## ABOUT THIS TASK:
What is needed is an exact copy of the lines from the start of the records below through the line with "The KARE 11", without the pictures.

[Saved entries]

_____

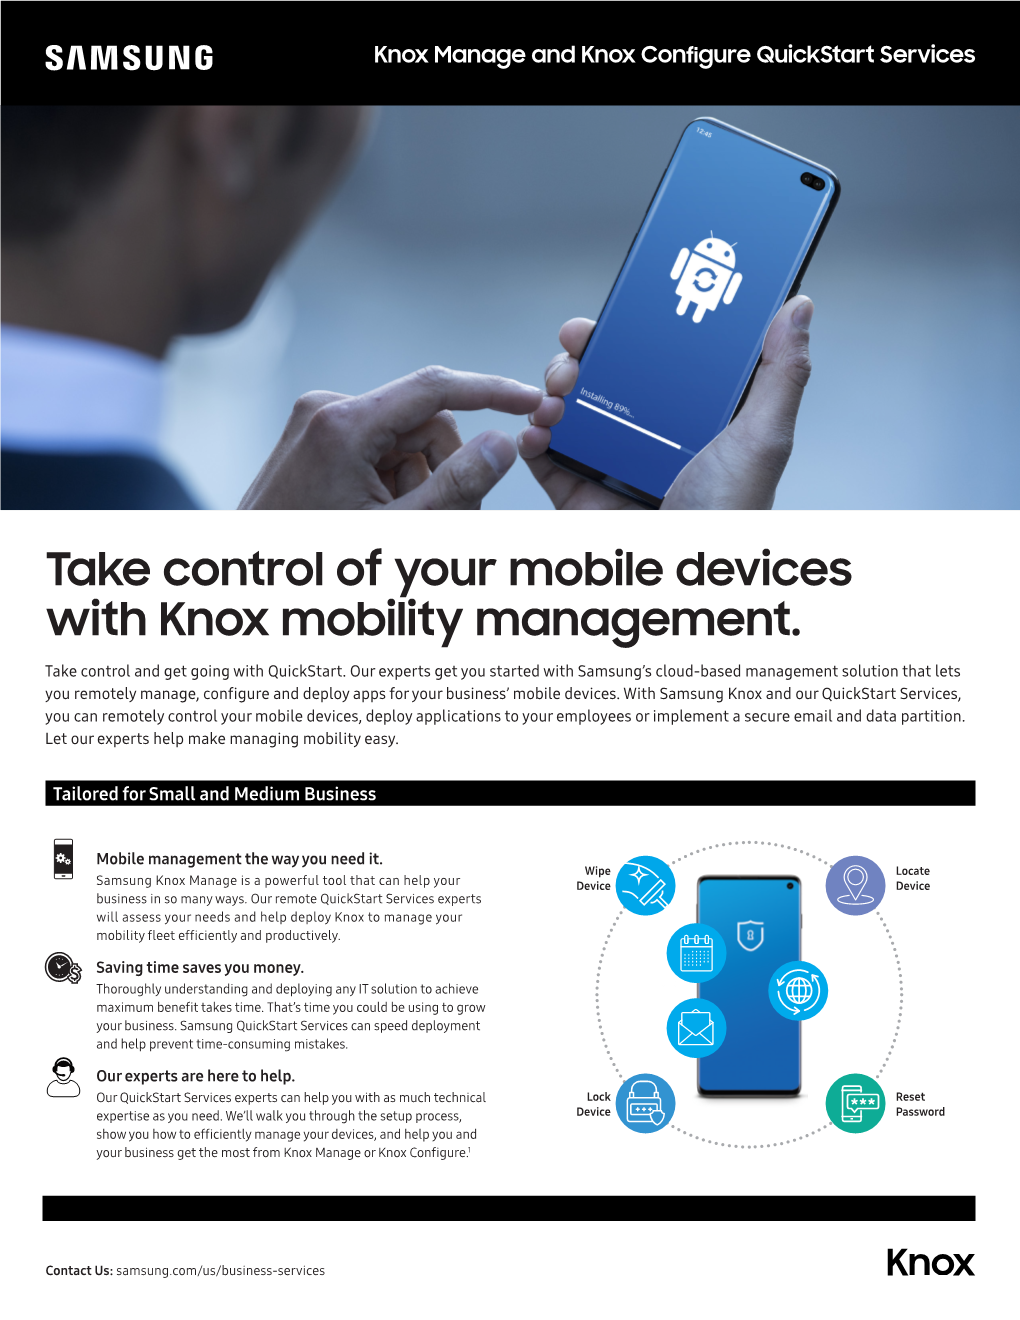 Take Control of Your Mobile Devices with Knox Mobility Management
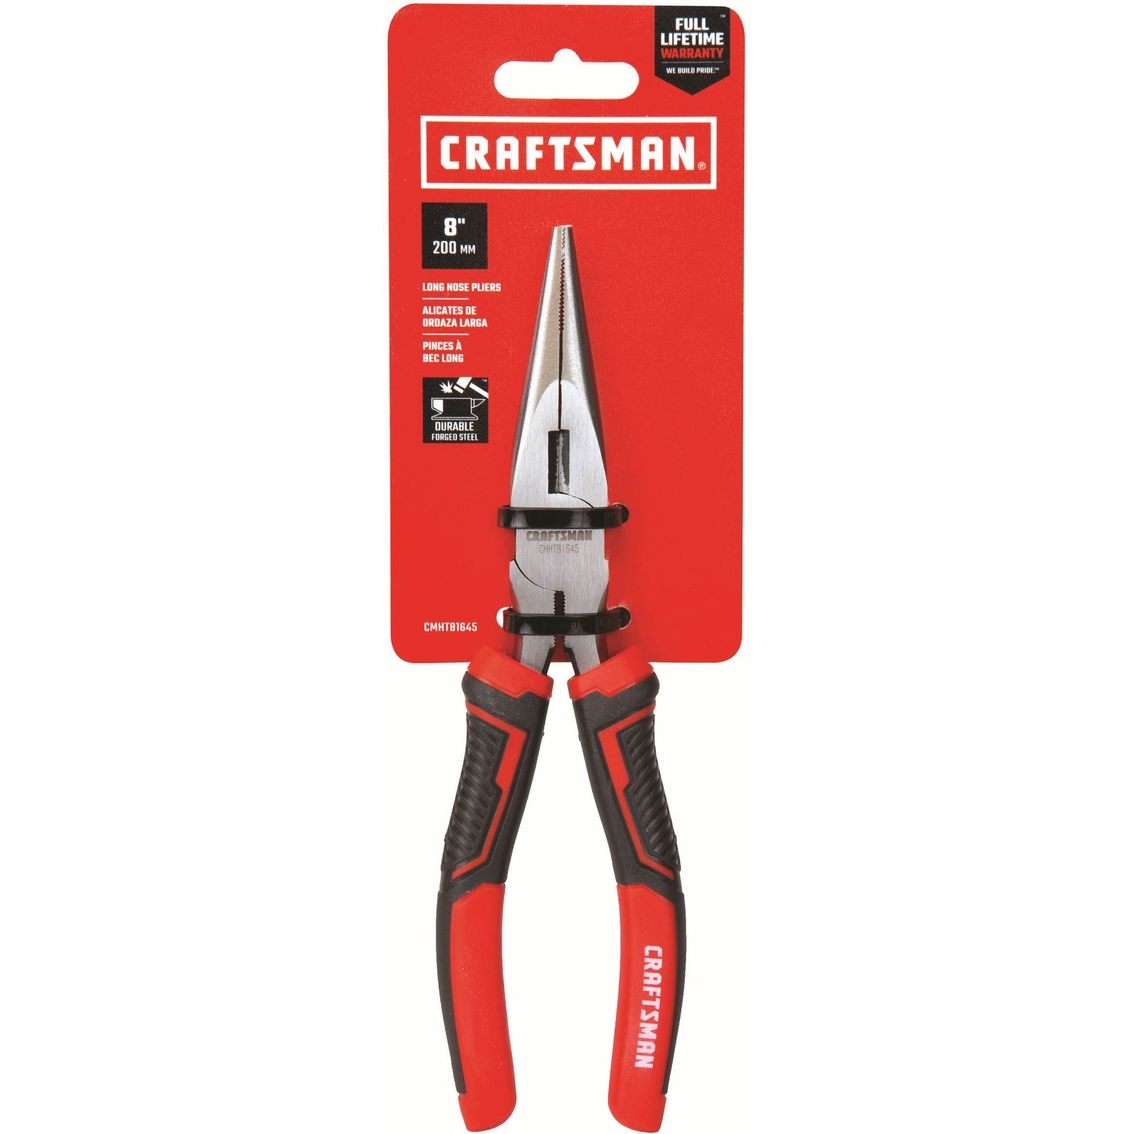 CRAFTSMAN 8-in Electrical Long Nose Pliers with Wire Cutter - Image 3 of 3
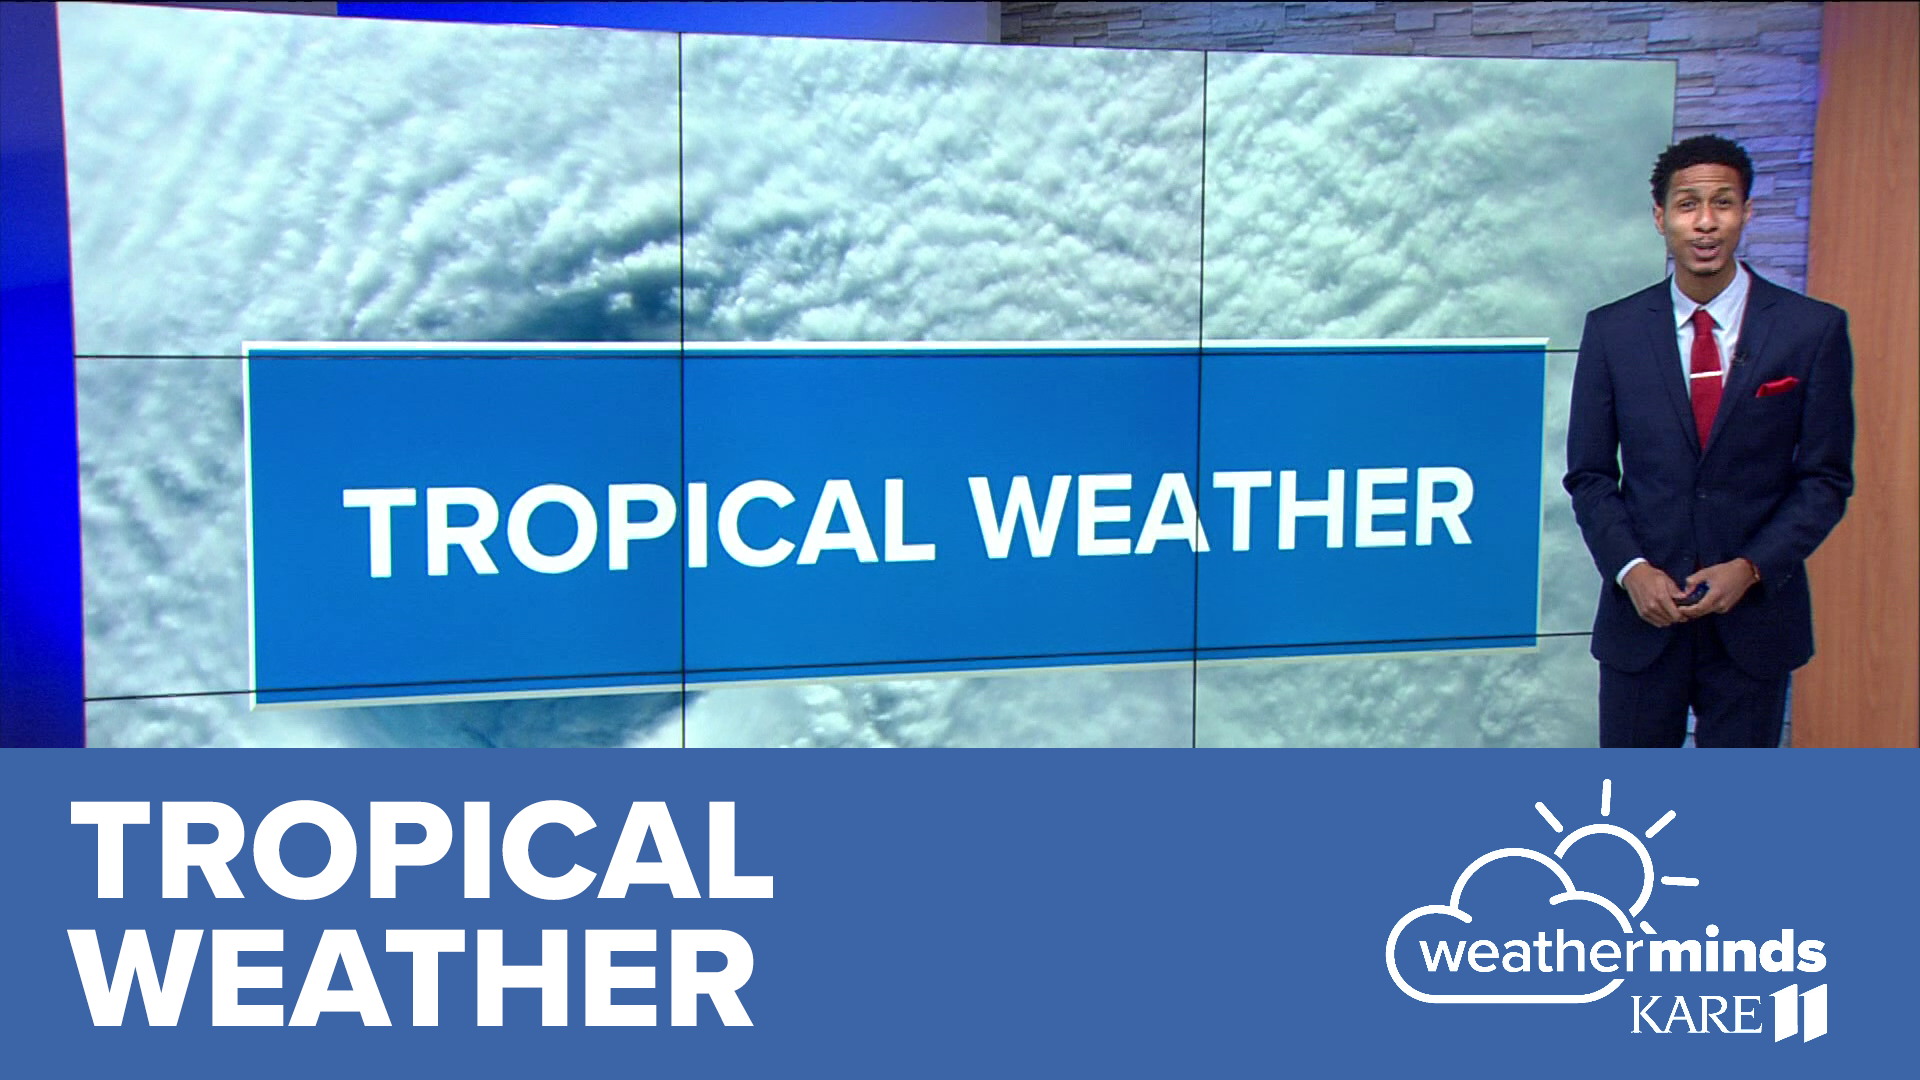 The KARE 11 weather team takes you on a trip south for a lesson in tropical storms and hurricanes.
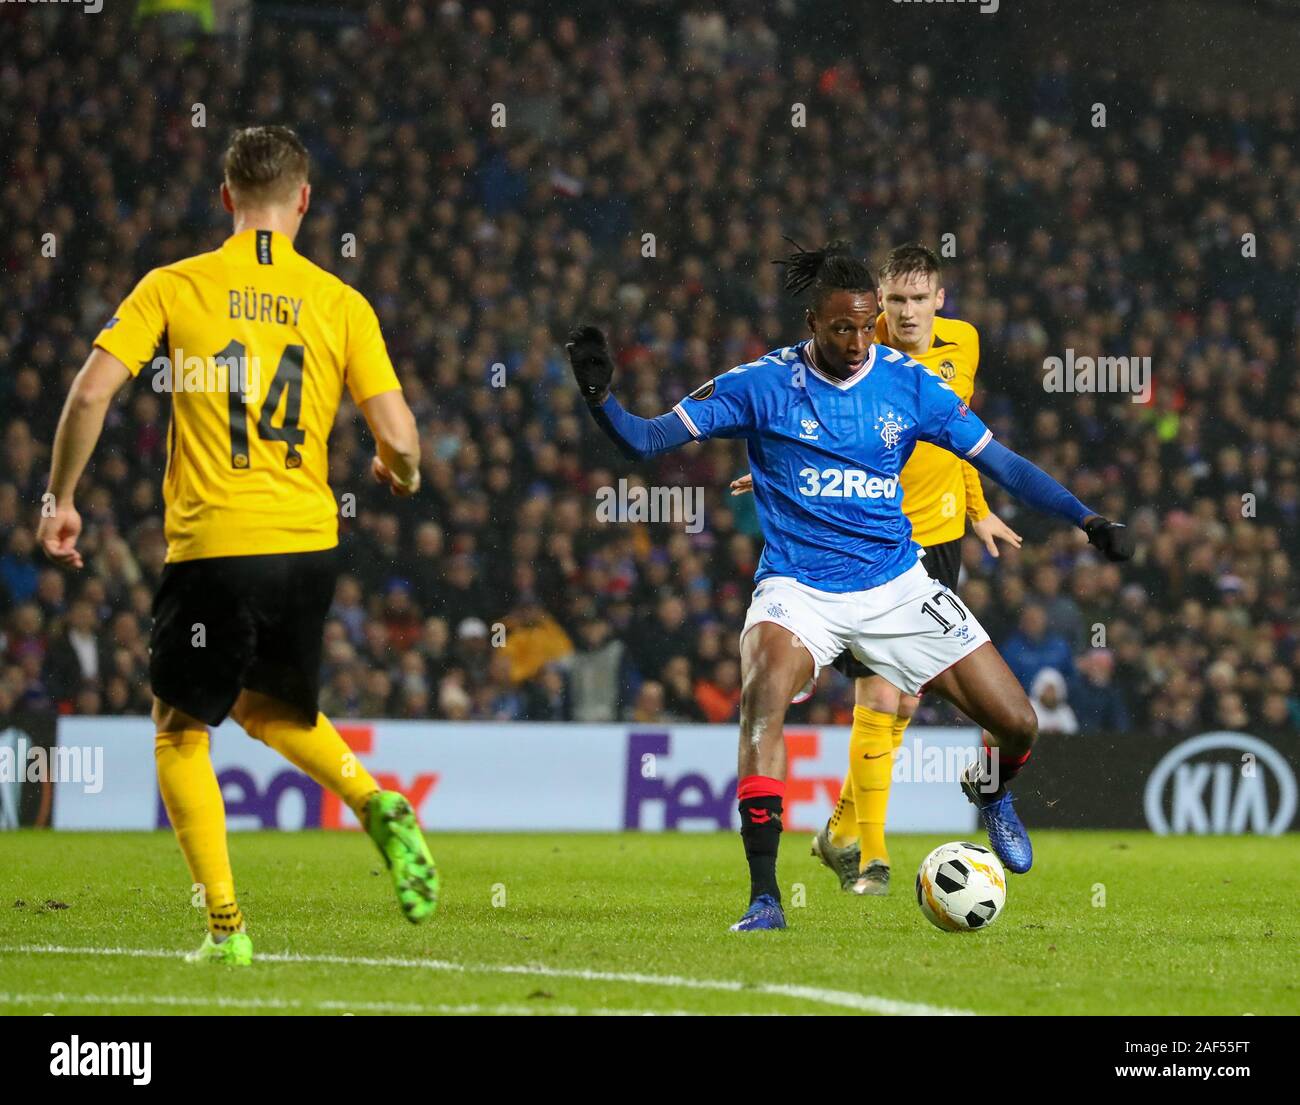 Glasgow, UK. 12 December 2019. Glasgow Rangers played the sixth and final Group G fixture in the UEFA Europa League at Ibrox, their home stadium against the Swiss team BSC Young Boys. The final score was a 1 -1 draw with the  Rangers goal scored by Alfredo Morelos and that was enough for  Rangers to progress to the next round Credit: Findlay / Alamy News Stock Photo
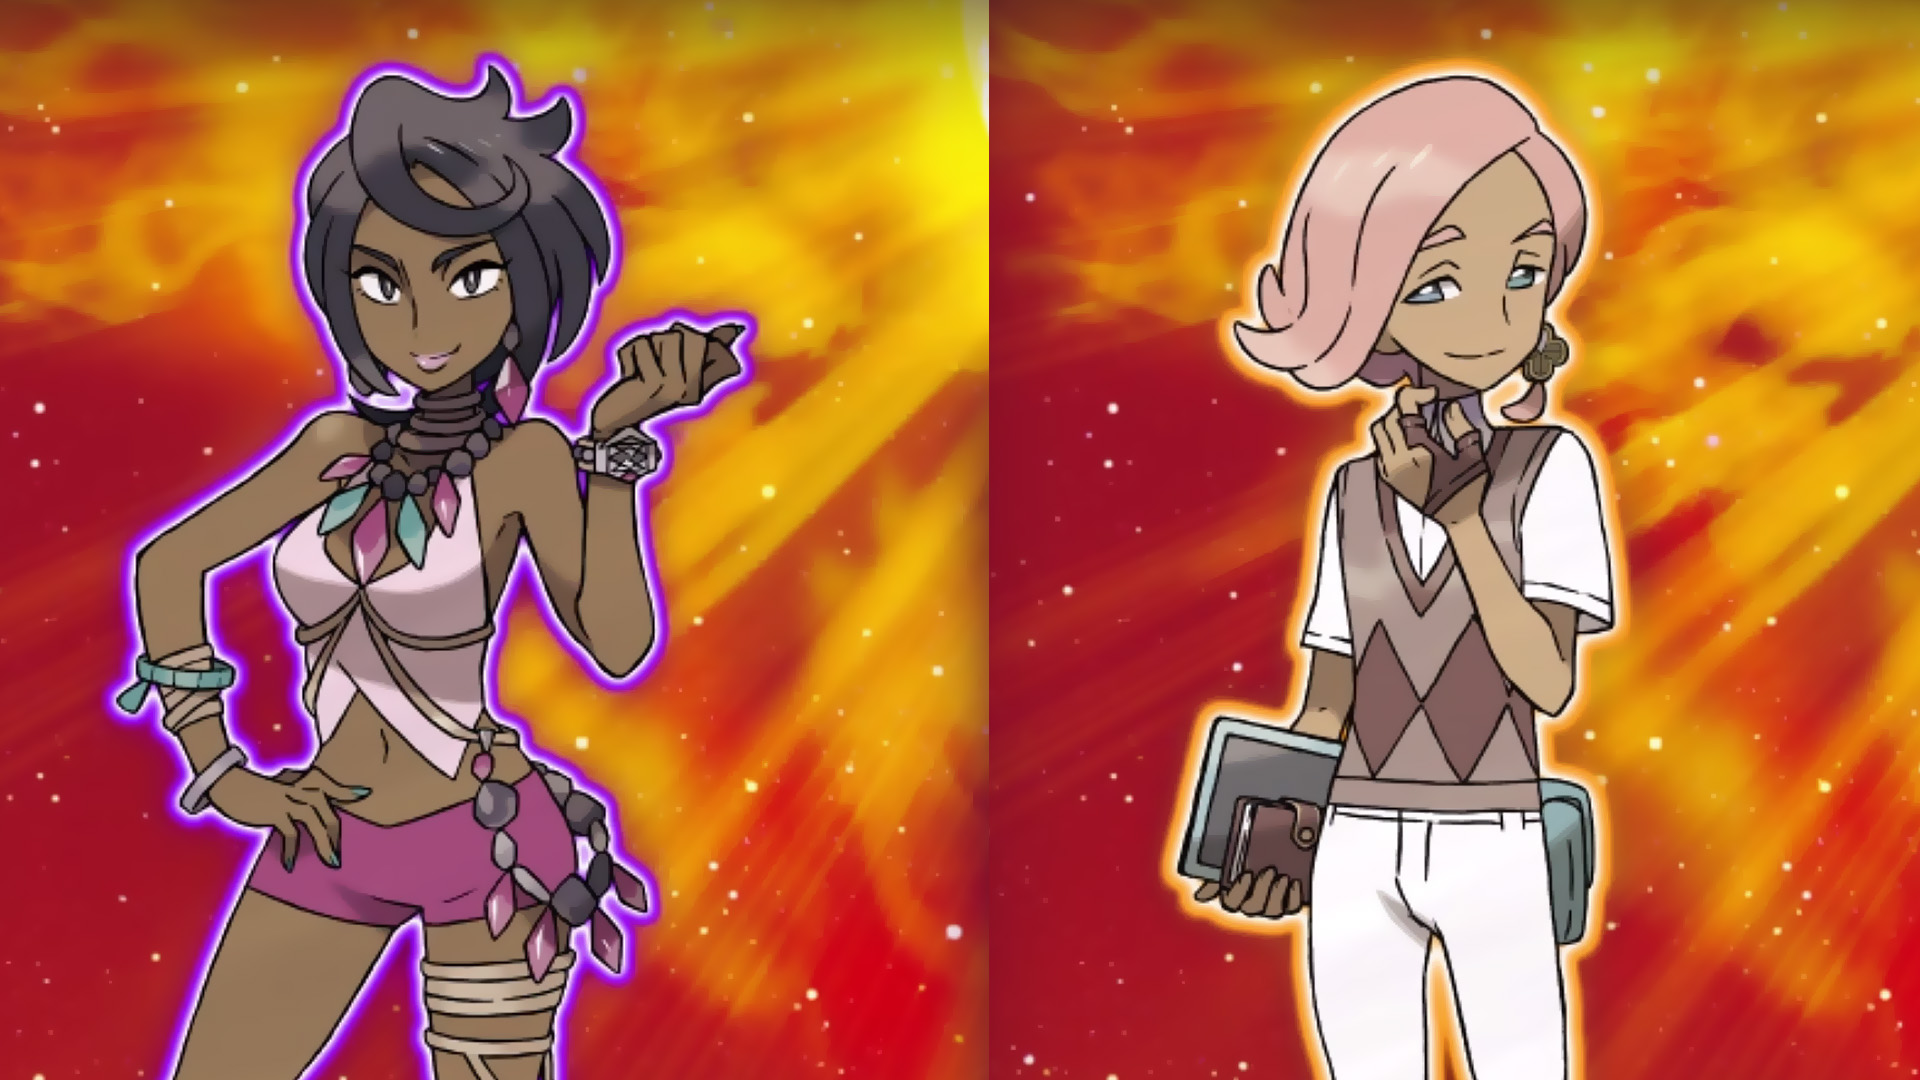 Two new trainers from the Alola region revealed: Olivia and Ilima.

_____

## RESPONSE FOR THIS EXERCISE:
 Take Control of Your Mobile Devices with Knox Mobility Management
 CRAFTSMAN 8-in Electrical Long Nose Pliers with Wire Cutter - Image 3 of 3
 The KARE 11 weather team takes you on a trip south for a lesson in tropical storms and hurricanes.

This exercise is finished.